START Data shown

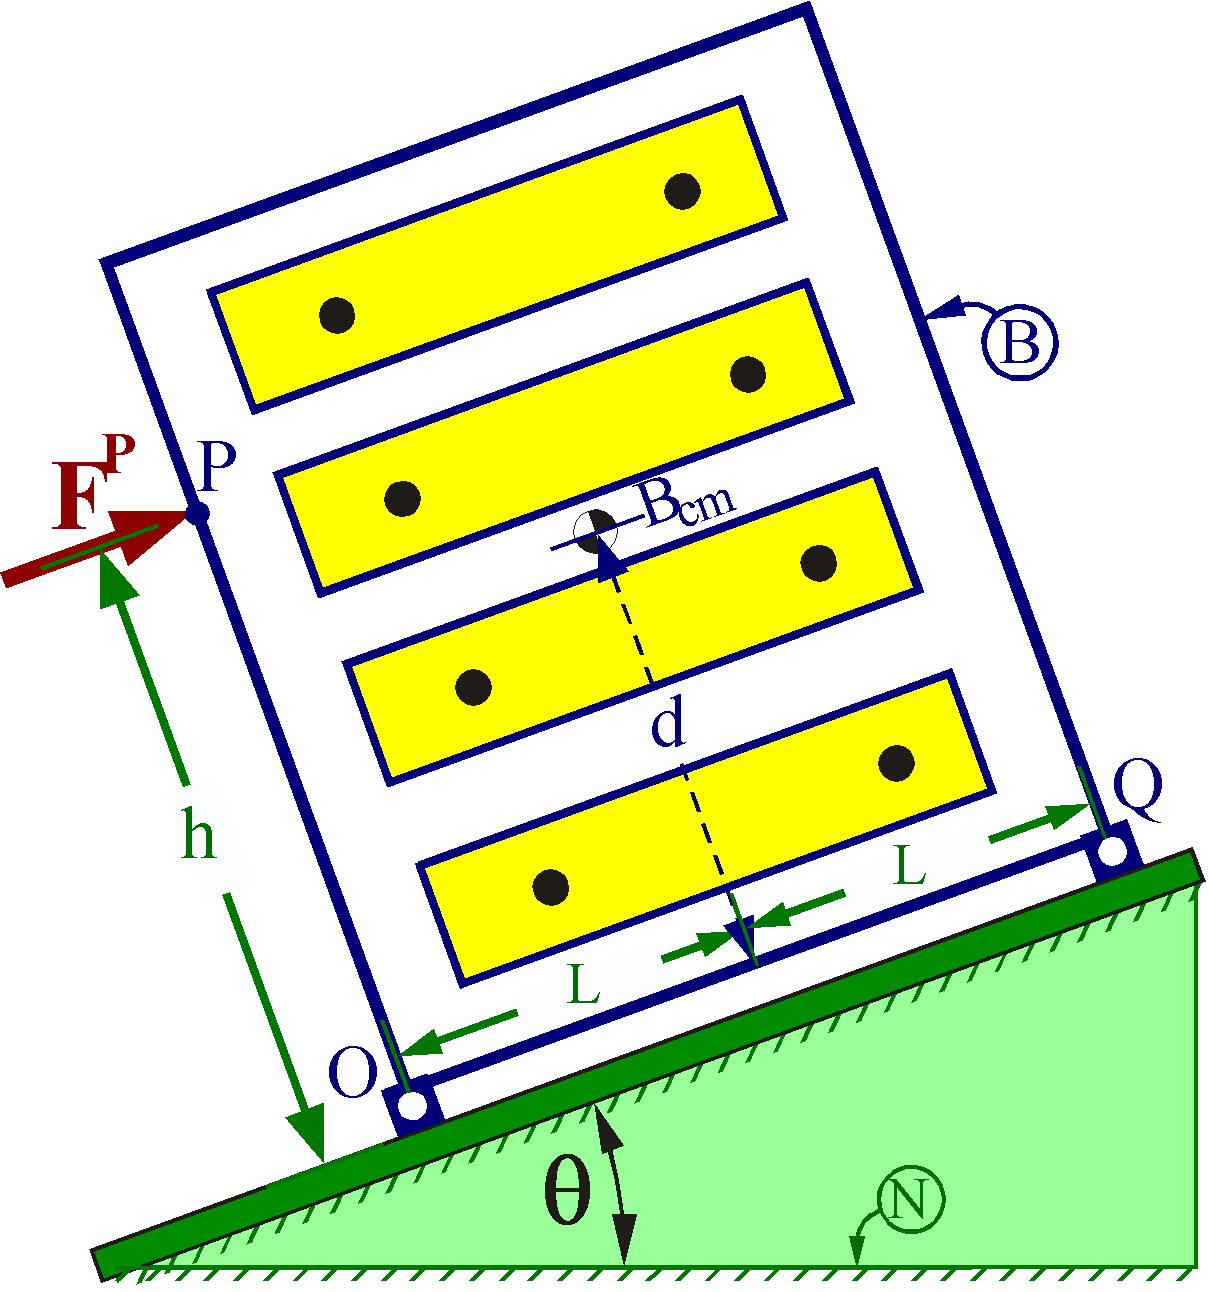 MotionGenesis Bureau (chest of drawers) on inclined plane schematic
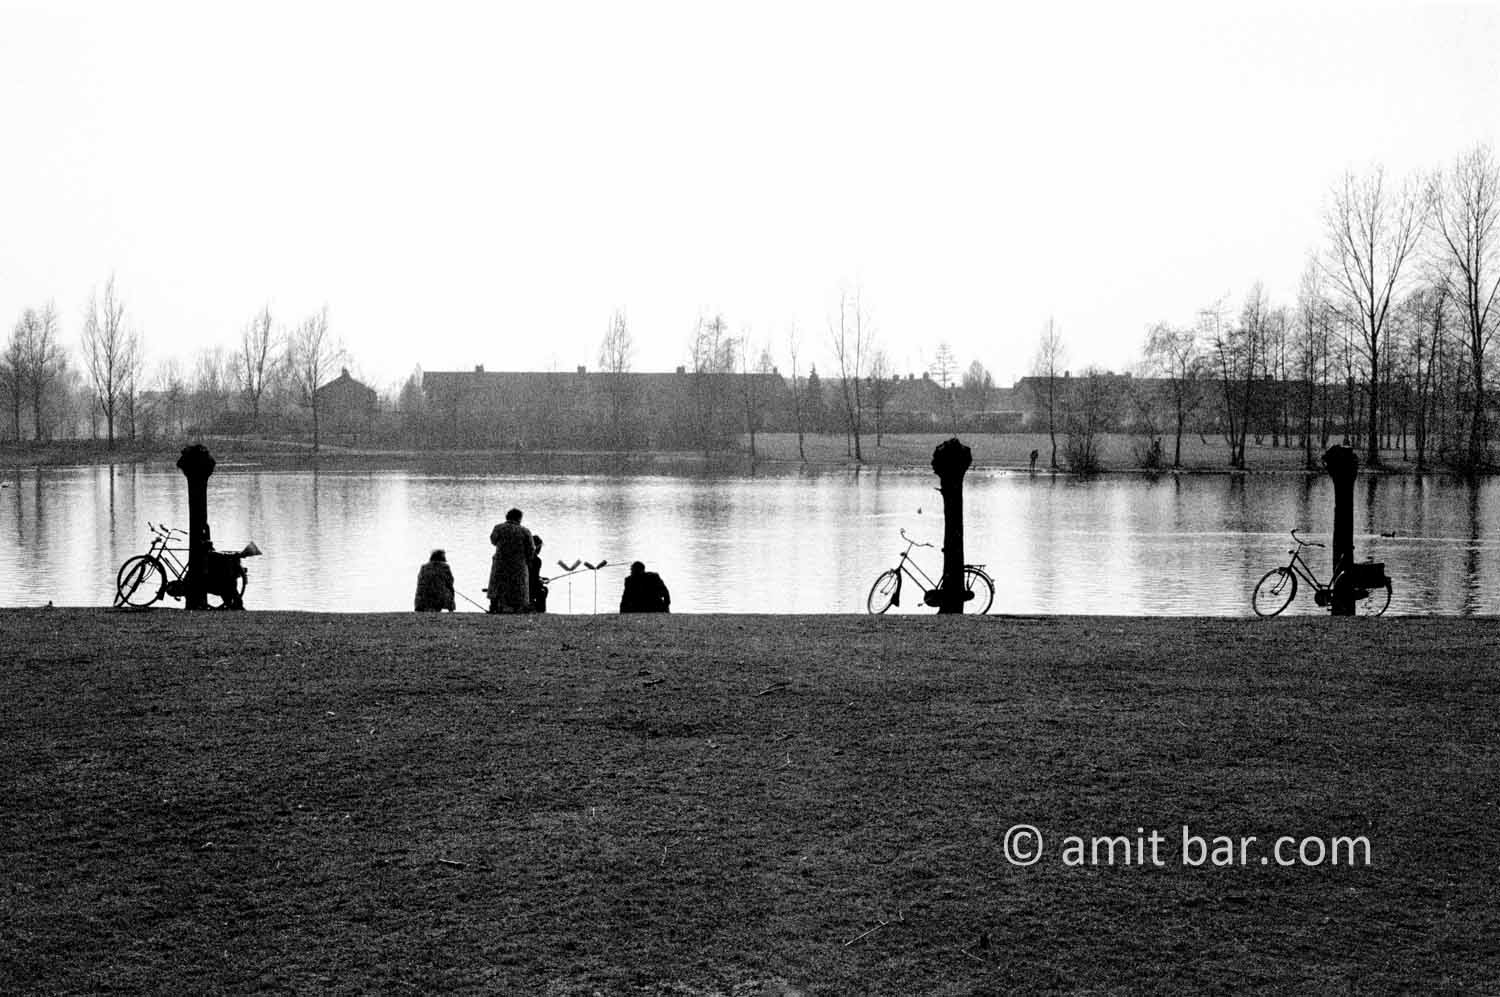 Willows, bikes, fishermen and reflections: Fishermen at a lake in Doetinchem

END Data shown
START Data shown

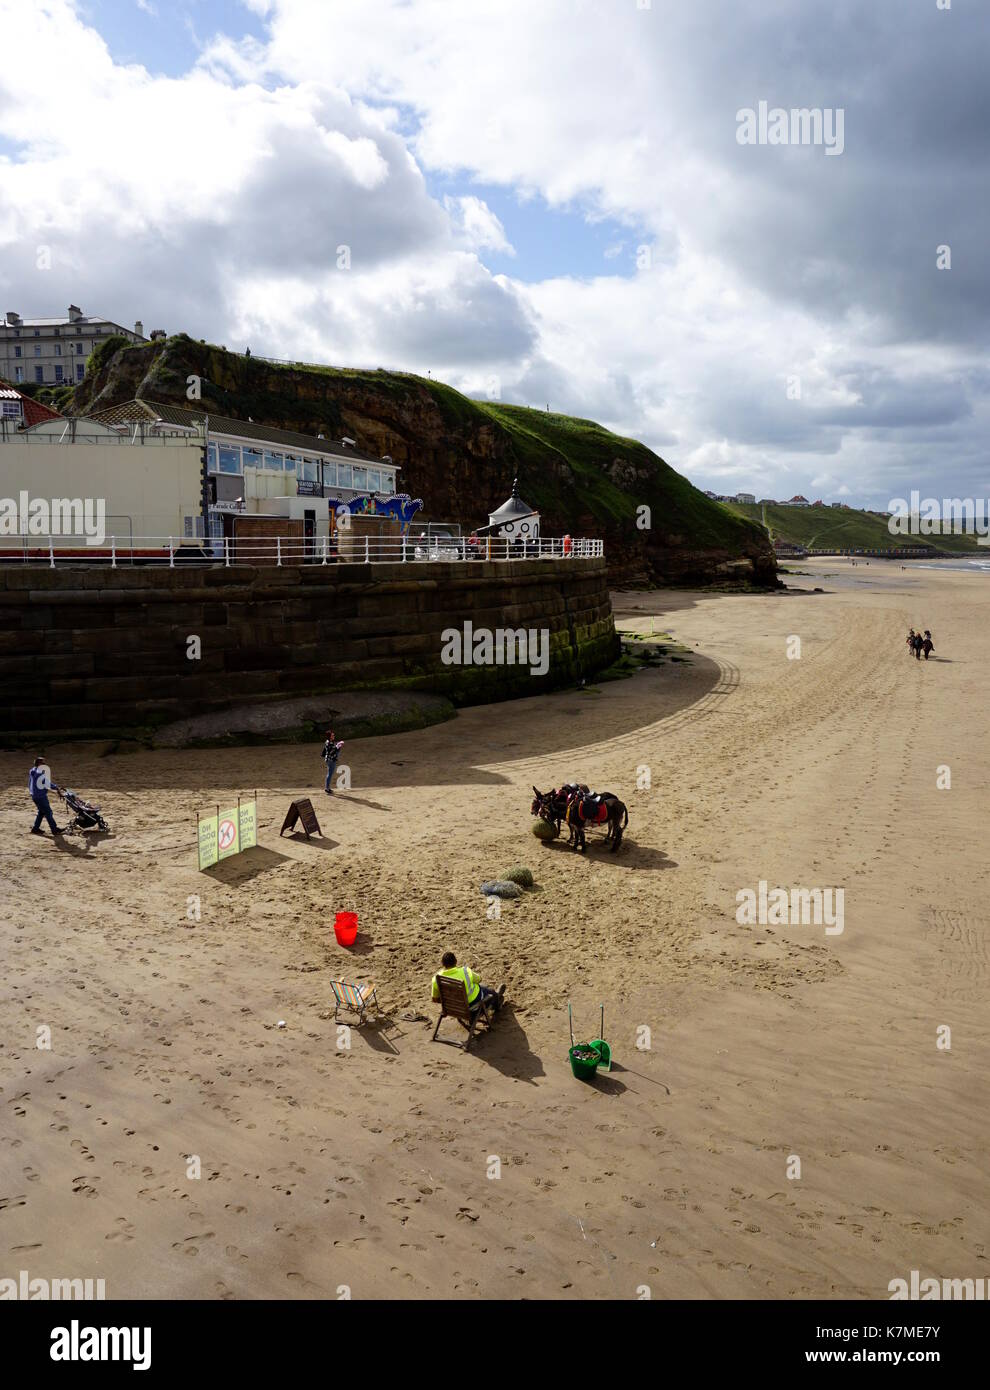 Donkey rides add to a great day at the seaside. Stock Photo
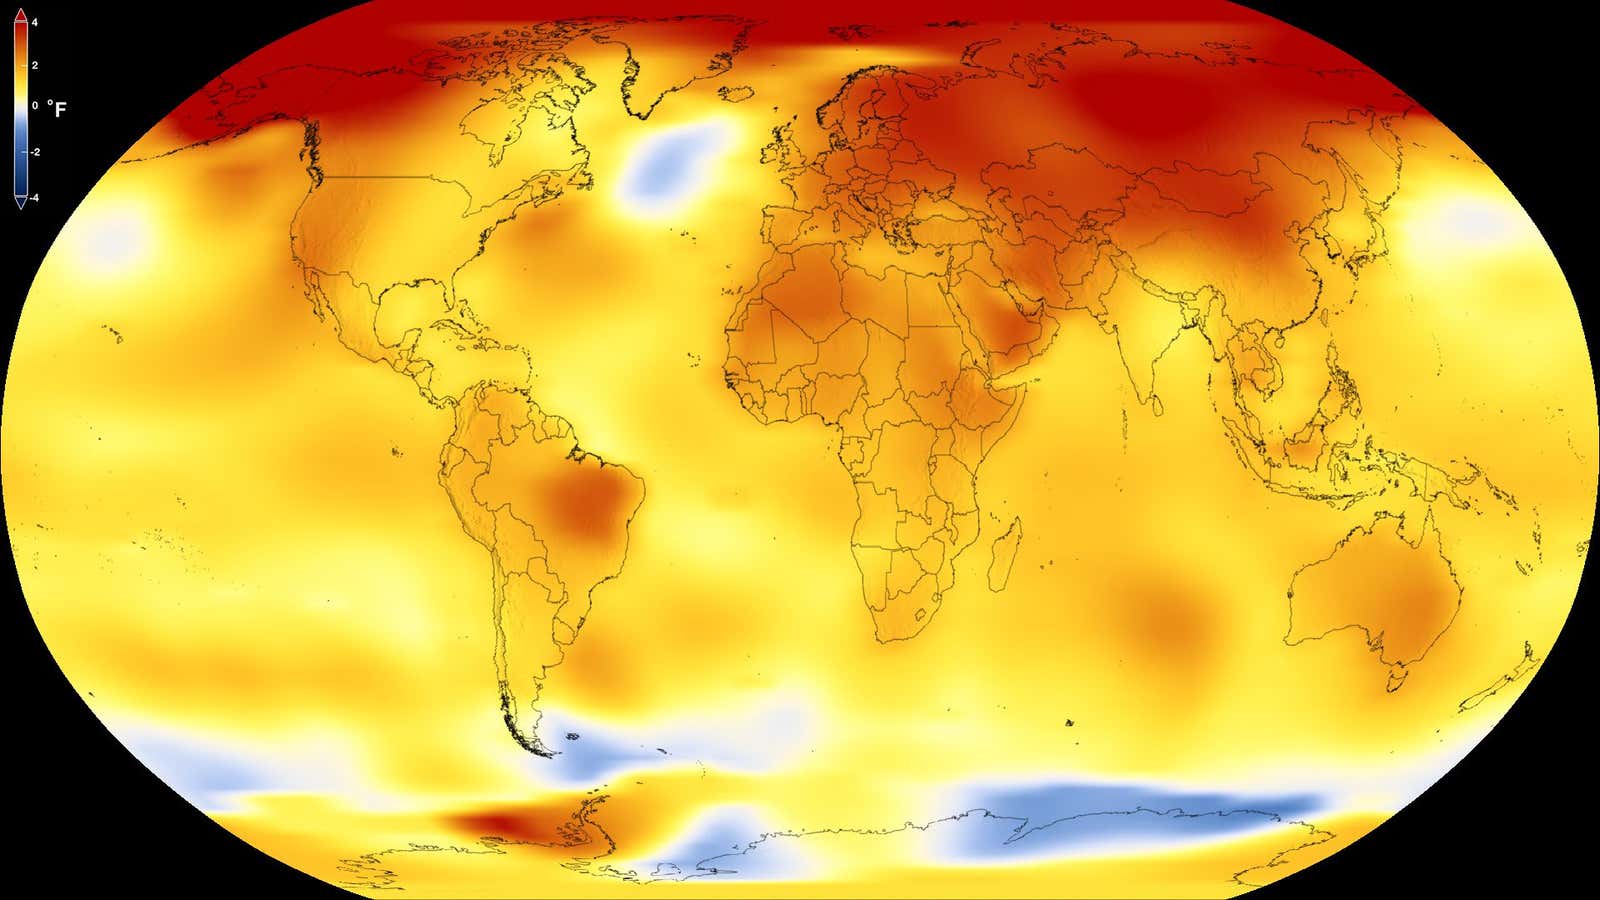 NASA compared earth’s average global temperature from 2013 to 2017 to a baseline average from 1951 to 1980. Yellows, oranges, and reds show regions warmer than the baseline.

END Data shown
START Data shown

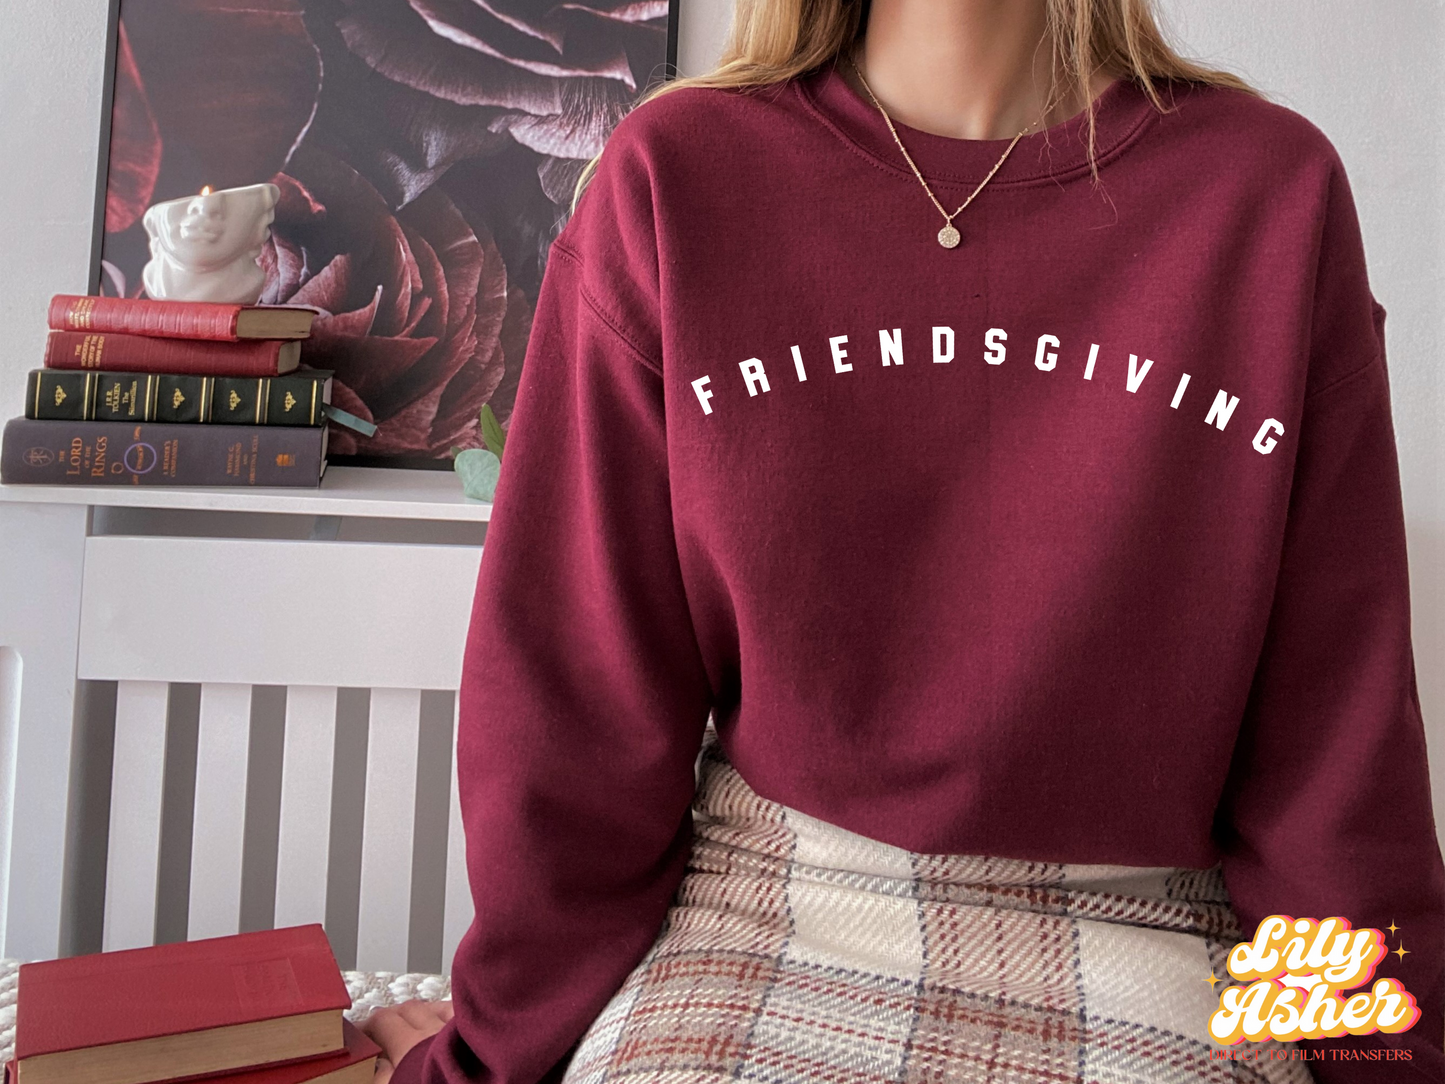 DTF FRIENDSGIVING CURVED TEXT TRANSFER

END Data shown

■ Instructions for the task ■
Output exactly the lines above that lie between the line with "MotionGenesis Bureau (chest" and the line with "Willows, bikes, fishermen", those two lines included, and no pictures.

■ Solved problem ■
 MotionGenesis Bureau (chest of drawers) on inclined plane schematic
 Willows, bikes, fishermen and reflections: Fishermen at a lake in Doetinchem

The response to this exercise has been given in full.